Example: If the <bean> of Car below is configured in the traditional way, each property of Car corresponds to a <property> element tag.

Java code
  1. package   com.baobaotao.factorybean;  
  2.     public    class   Car {  
  3.         private    int  maxSpeed ​​;  
  4.         private   String brand ;  
  5.         private    double  price ;  
  6.         public    int   getMaxSpeed() {  
  7.             return    this  .maxSpeed ​​;  
  8.         }  
  9.         public    void   setMaxSpeed(  int   maxSpeed ​​) {  
  10.             this.maxSpeed  ​​= maxSpeed;  
  11.         }  
  12.         public   String getBrand() {  
  13.             return    this.brand  ;  
  14.         }  
  15.         public    void   setBrand( String brand ) {  
  16.             this.brand  = brand;  
  17.         }  
  18.         public    double   getPrice() {  
  19.             return    this  . price ;  
  20.         }  
  21.         public    void   setPrice(  double   price ) {  
  22.             this.price  = price;  
  23.        }  
  24. }   
     If it is implemented in the way of FactoryBean , it will be more flexible.
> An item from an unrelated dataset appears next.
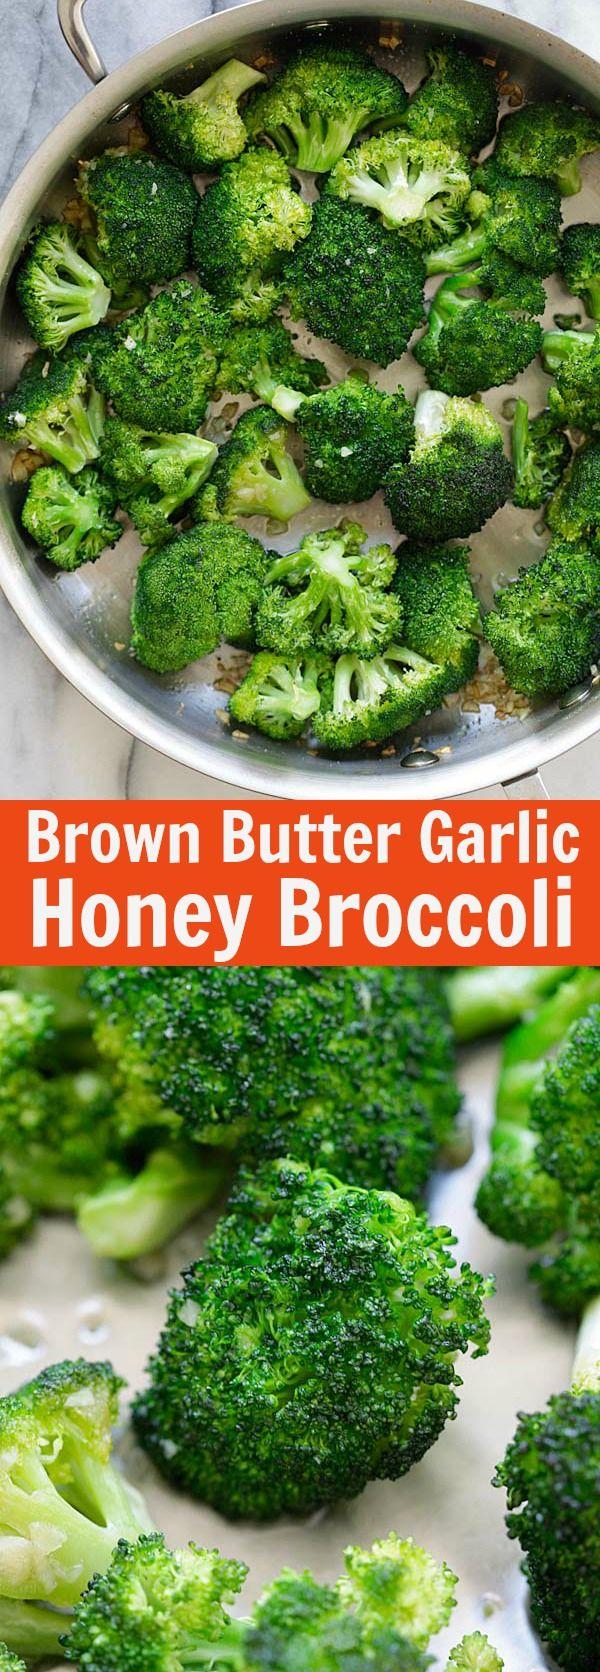 Brown Butter Garlic Honey Roasted Broccoli – dress up plain roasted broccoli with brown butter, garlic and honey. Broccoli has never tasted this good | rasamalaysia.com

The following example specifies configuration values ​​for all properties of Car at one time by means of comma separators :

Java code
  1. package   com.baobaotao.factorybean;  
  2. import   org.springframework.beans.factory.FactoryBean;  
  3. public    class   CarFactoryBean   implements   FactoryBean<Car> {  
  4.     private   String carInfo ;  
  5.     public   Car getObject ()    throws   Exception {  
  6.         Car car =   new   Car () ;  
  7.         String[] infos = carInfo.split(  ","  );  
  8.         car.setBrand(infos[  0  ]);  
  9.         car.setMaxSpeed(Integer.valueOf(infos[  1  ]));  
  10.         car.setPrice( Double.valueOf( infos[  2  ]) ) ;  
  11.         return   car;  
  12.     }  
  13.     public   Class<Car> getObjectType () {  
  14.         return   Car.class   ;   _
  15.     }  
  16.     public    boolean   isSingleton() {  
  17.         return    false  ;  
  18.     }  
  19.     public   String getCarInfo () {  
  20.         return    this  .carInfo ;  
  21.     }  
  22.   
  23.     // Accept comma separator to set attribute information  
  24.     public    void   setCarInfo( String carInfo ) {  
  25.         this.carInfo  = carInfo;  
  26.     }  
  27. }   
 With this CarFactoryBean, you can use the following custom configuration method to configure CarBean in the configuration file:
<beanid="car"class="com.baobaotao.factorybean.CarFactoryBean"
P:carInfo="Ferrari,400 ,2000000"/>
When calling getBean("car"), Spring finds that CarFactoryBean implements the interface of FactoryBean through the reflection mechanism, and then the Spring container calls the interface method CarFactoryBean#getObject() method to return. If you want to get an instance of CarFactoryBean, you need to add a "&" prefix before the beanName when using the getBean(beanName) method: such as getBean("&car");

3. The difference between
BeanFactory is a Factory, that is, IOC container or object factory, and FactoryBean is a Bean. In Spring, all beans are managed by the BeanFactory (that is, the IOC container). But for FactoryBean, this bean is not a simple bean, but a factory bean that can produce or modify objects. Its implementation is similar to the factory pattern and decorator pattern in the design pattern.